In 25 minutes Tuesday, Homeland Security Secretary Janet Napolitano gave the coda to her 4.5 years of work as the head of one of the newest and most sprawling federal agencies.
The department has learned many lessons in her time, Napolitano said — responding to issues ranging from the H1N1 virus, to the Deepwater Horizon oil spill, to drug cartel violence, to terrorist plots and natural disasters. Her agency — just a decade old and composed of 240,000-plus people spanning 22 disparate agencies — has been criticized from the left for its record deportation levels and from the right for allowing immigrants brought to the United States as children to apply for provisional legal status.
In all instances, DHS — and the country — are better off for the decisions it’s made, she said.
“In a world of evolving threats, the key to our success is the ability to be flexible and agile, and adapt to changing circumstances on the ground — whether that is across the globe, or here at home,” she said. “I believe we are seeing that approach bear fruit in a profound, positive way.”
But evolving threats mean new challenges lie ahead for Napolitano’s yet-to-be-named successor (Napolitano’s last day is Sept. 6, after which she will become president of the University of California system). An Internet-connected world will eventually bring a “major cyber event that will have a serious effect on our lives,” she said. Climate change foretells a more “severe nature” and more “weather-related events.”
“You will need a large bottle of Advil,” Napolitano said in her “open letter” to her successor.
But Napolitano mainly focused on the positive throughout her speech, addressing criticisms of the agency during her tenure.
The country is better equipped to handle terrorist attacks, she said. Law enforcement’s response to the Boston Marathon bombings earlier this year — the one major terrorist attack during Napolitano’s time — represented years of preparation and lessons learned.
“The well-timed and coordinated emergency response that immediately followed the marathon attack was not accidental,” she said. “It was the product of years of planning, training and investment in building state and local capacity.”
The department had run 12 training exercises with Boston police, including one last November simulating such a scenario. DHS helped create the Medical Intelligence Center, which helped hospitals share information about victims — three dead and 260 total injured — the day of the attack. And the department’s “If You See Something, Say Something” campaign encouraged citizens to turn in video that helped identify the suspects.
“This terrible tragedy could have been far worse,” she said.
Napolitano was also at the helm during two other foiled terrorist plots. A man attempted to set off an underwear bomb on a flight headed for Detroit in 2009, and an al-Qaida cell tried to hide explosives in printer cartridges headed to the U.S. in a cargo plane in 2010.
She drew criticism after the 2010 incident for saying “the system worked,” and later apologized. Tuesday, Napolitano discussed changes made to “the system” after these incidents. Cargo-scanning procedures have changed, information on airline passengers is now more available at overseas airports and 190 countries have signed an agreement to improve aviation security.
At home, the country has been ravaged by historic natural disasters in recent years, Napolitano admitted.

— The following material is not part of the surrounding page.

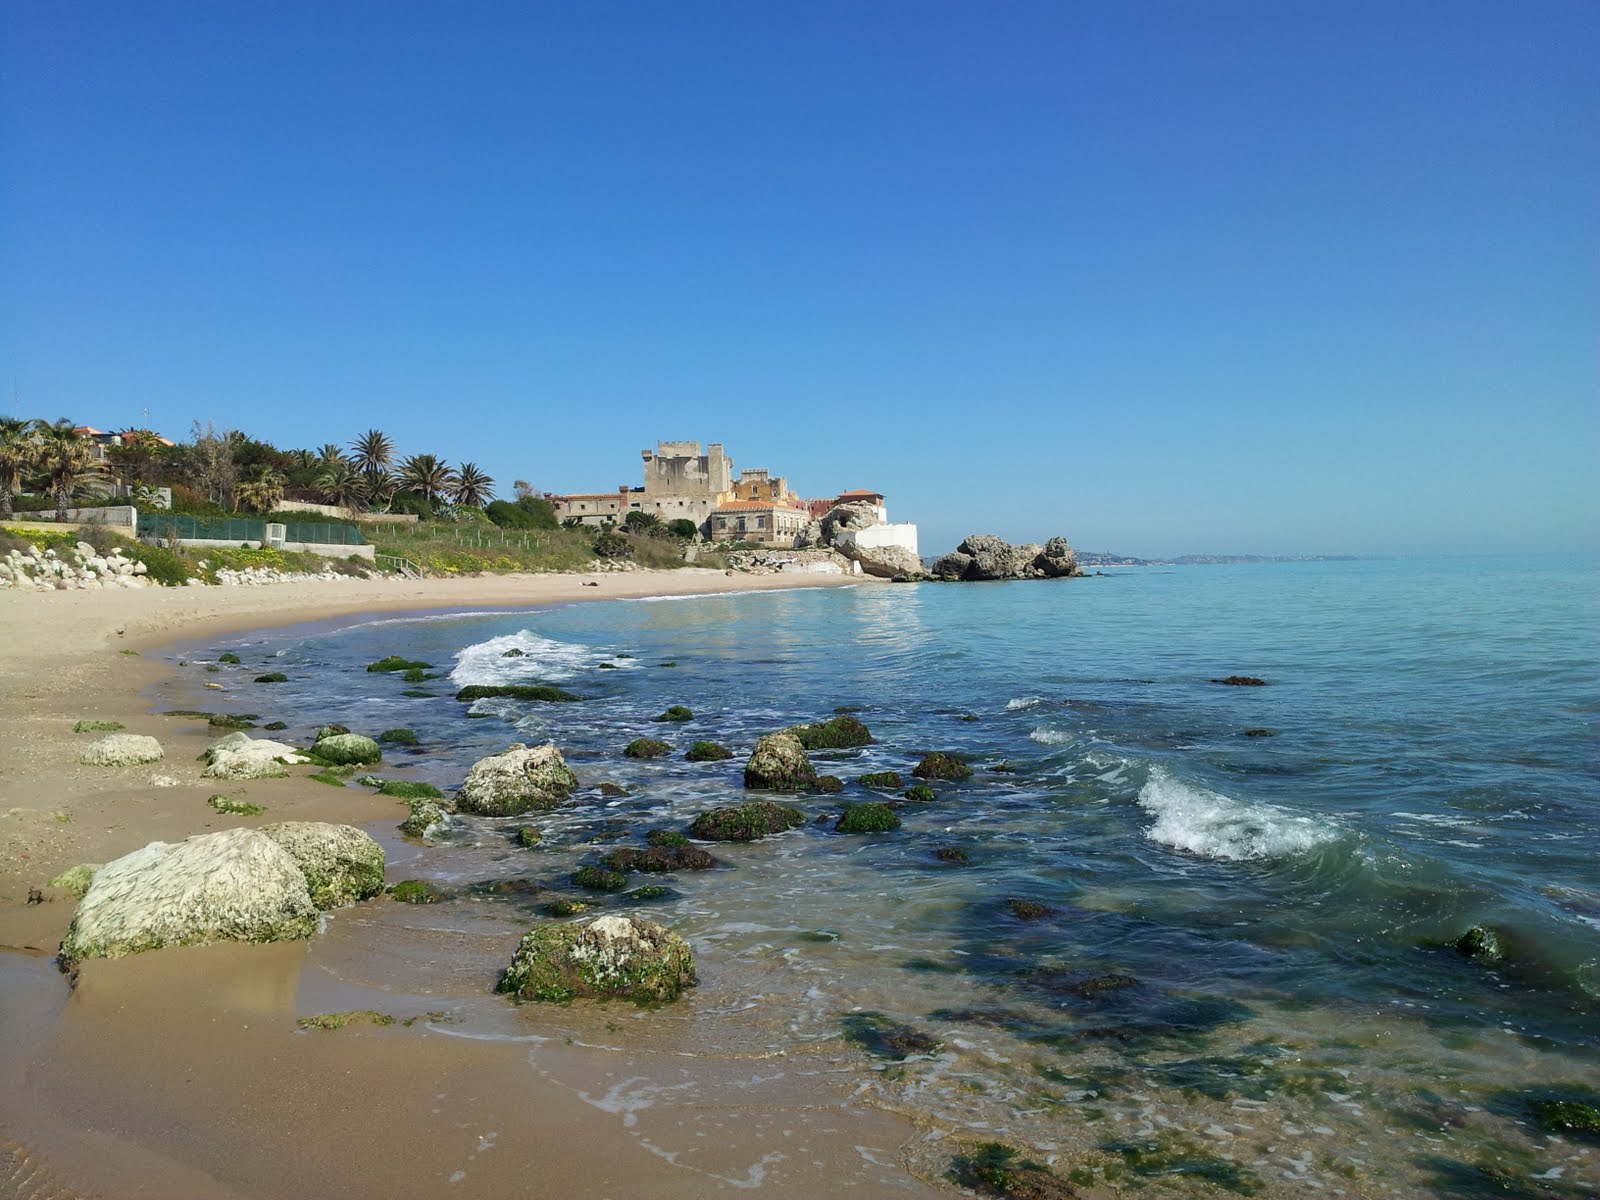 Foto van Spiaggia di Falconara met gemiddeld niveau van netheid

Hurricane Sandy alone destroyed 650,000 homes, causing $50 billion in damages across 24 states and taking 70 lives. But DHS brought a new approach to this and other natural disasters such as Hurricane Irene and tornadoes in Joplin, Mo., Tuscaloosa, Ala., and Moore, Okla.
When Sandy hit in October 2012, “we had a plan, we had people in place, and we had resources at the ready,” she said. The president pre-declared emergency status in 12 states, opening up federal funds; FEMA moved into place ahead of time; and the DHS Surge Capacity Force, a new volunteer corps of DHS employees, was deployed.

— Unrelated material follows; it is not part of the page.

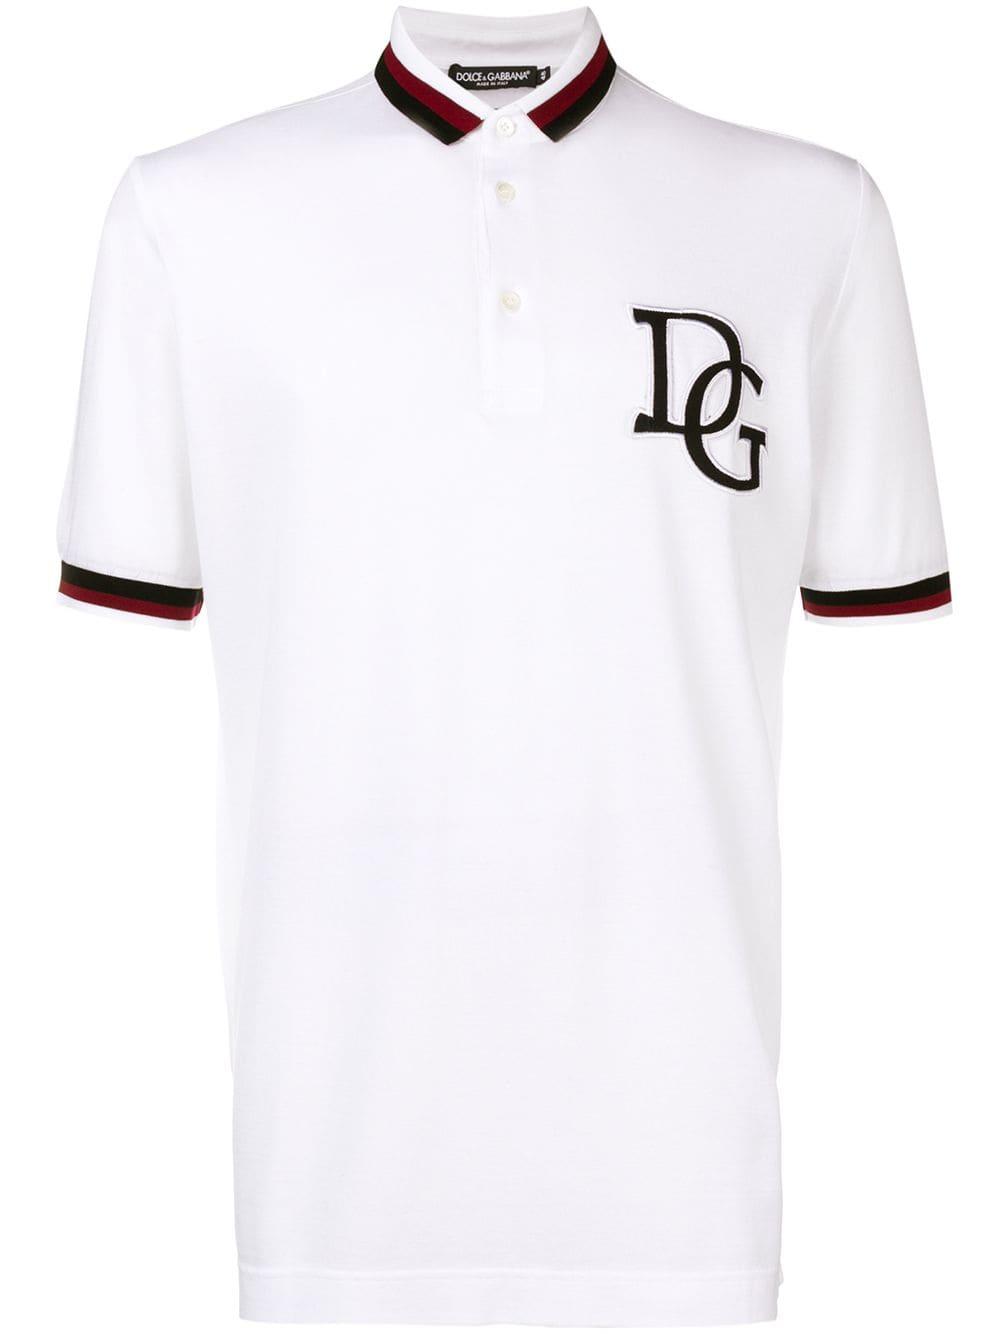 Dolce & Gabbana Cotton Dg Logo Polo Shirt in White for Men - Lyst

“The collective response to Sandy reflects an emergency management system that is swift, flexible, adaptable and united,” Napolitano said. “And it has made all the difference in our ability to speed resources to impacted areas, identify survivor needs and help communities recover and rebuild.”
Along the country’s southern border, Napolitano defended the decision to invest “historic resources” in border security, pointing to the near-40-year-low in illegal crossings. She called the decision to prioritize deportation of criminals “common sense” and did not back down from the fact that “last year, we removed more serious criminals from the United States than any time in our history,” she said.

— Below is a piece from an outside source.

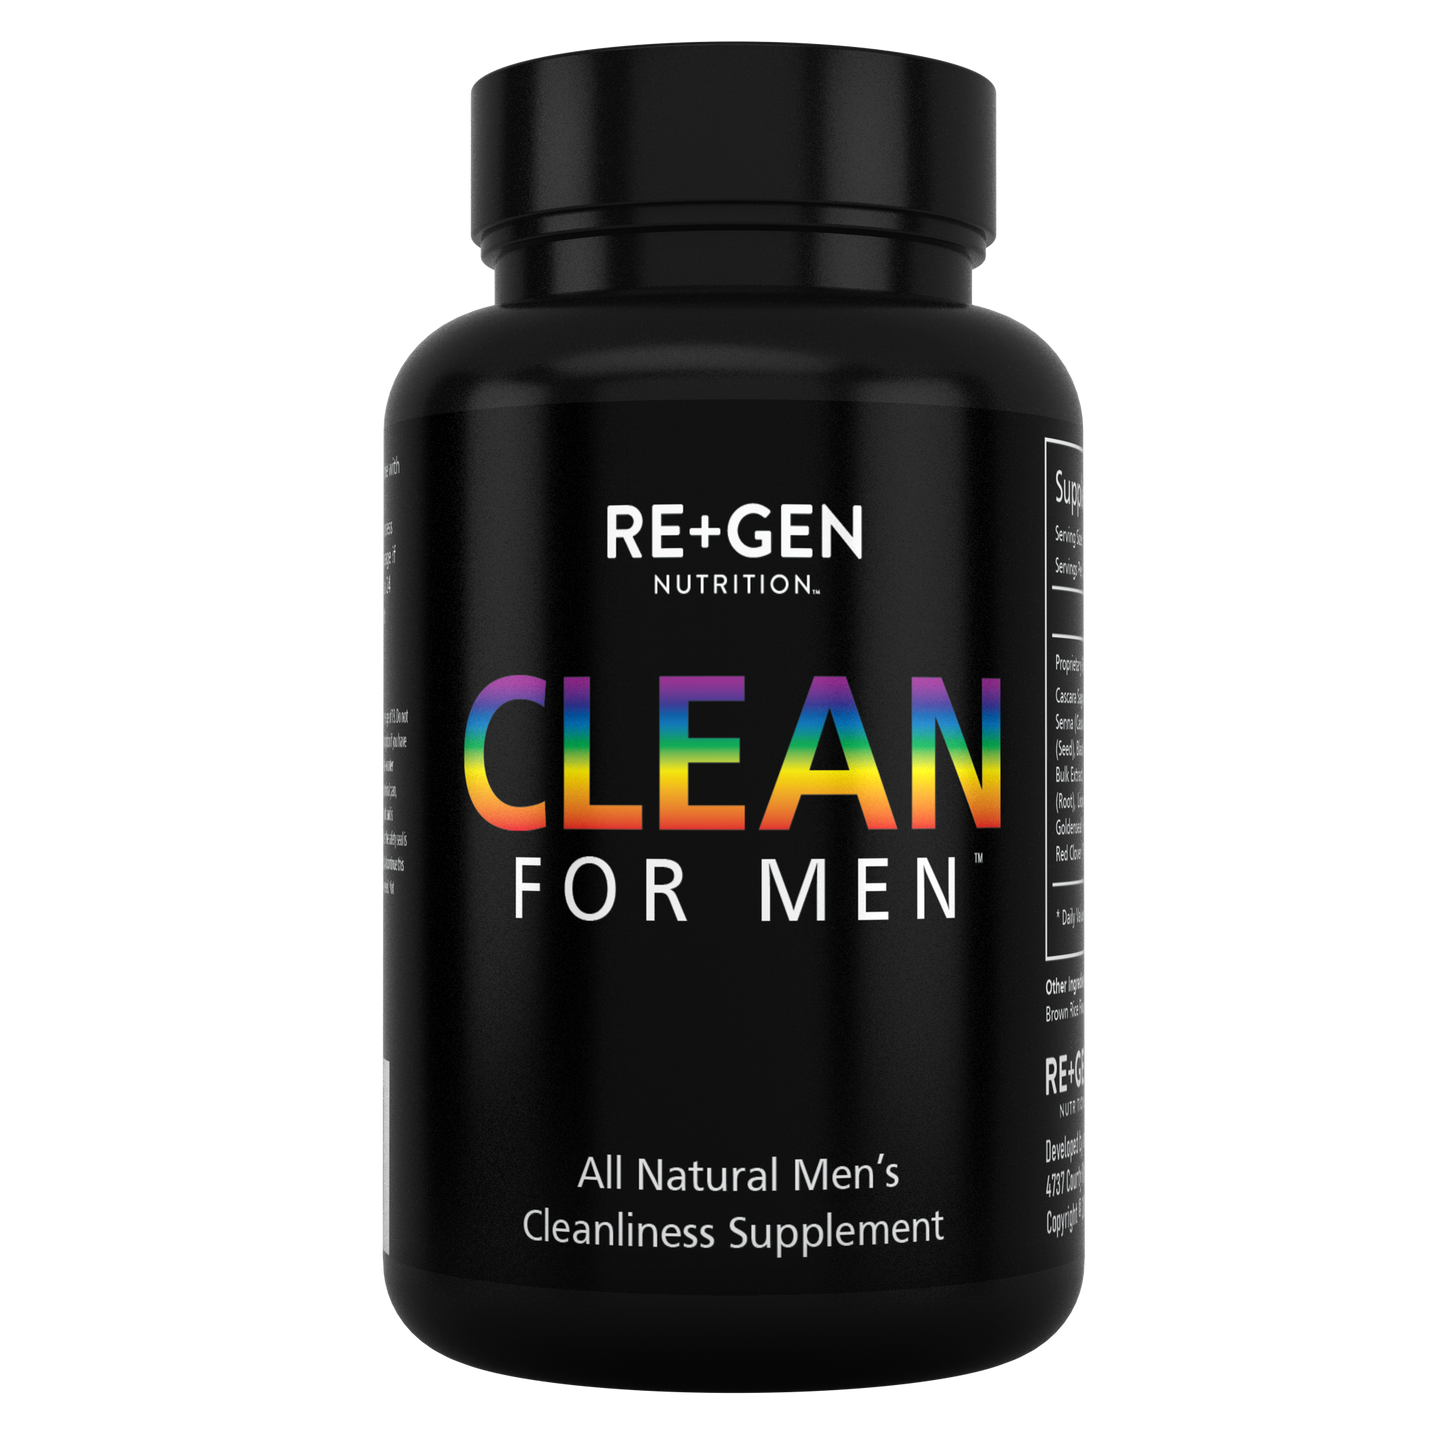 CLEAN FOR MEN

Within U.S. borders, the decision to grant two-year provisional legal status to immigrants brought over illegally as young children has allowed 430,000 young people to “continue to contribute to the country they call home,” she said.
But Napolitano did call on Congress for its assistance. Provisional legal status is “no substitute for comprehensive immigration reform, which is the only way to face the longstanding problems with our immigration system.”
With that, Napolitano turned to her faceless successor.
“Some have said that being the secretary of DHS is the most thankless job in Washington. That’s not true,” she said. “No doubt, it is a very big and complex job. It is literally a 24/7 job. Yet, as my successor will soon learn, it is also one of the most rewarding jobs there is. What you do here matters to the lives of people all across our great nation, and your decisions affect them in direct, tangible ways.”
Then Napolitano quickly wrapped up her speech, gave a minibow and small wave to the standing audience, shook one hand and walked off, leaving only her legacy behind.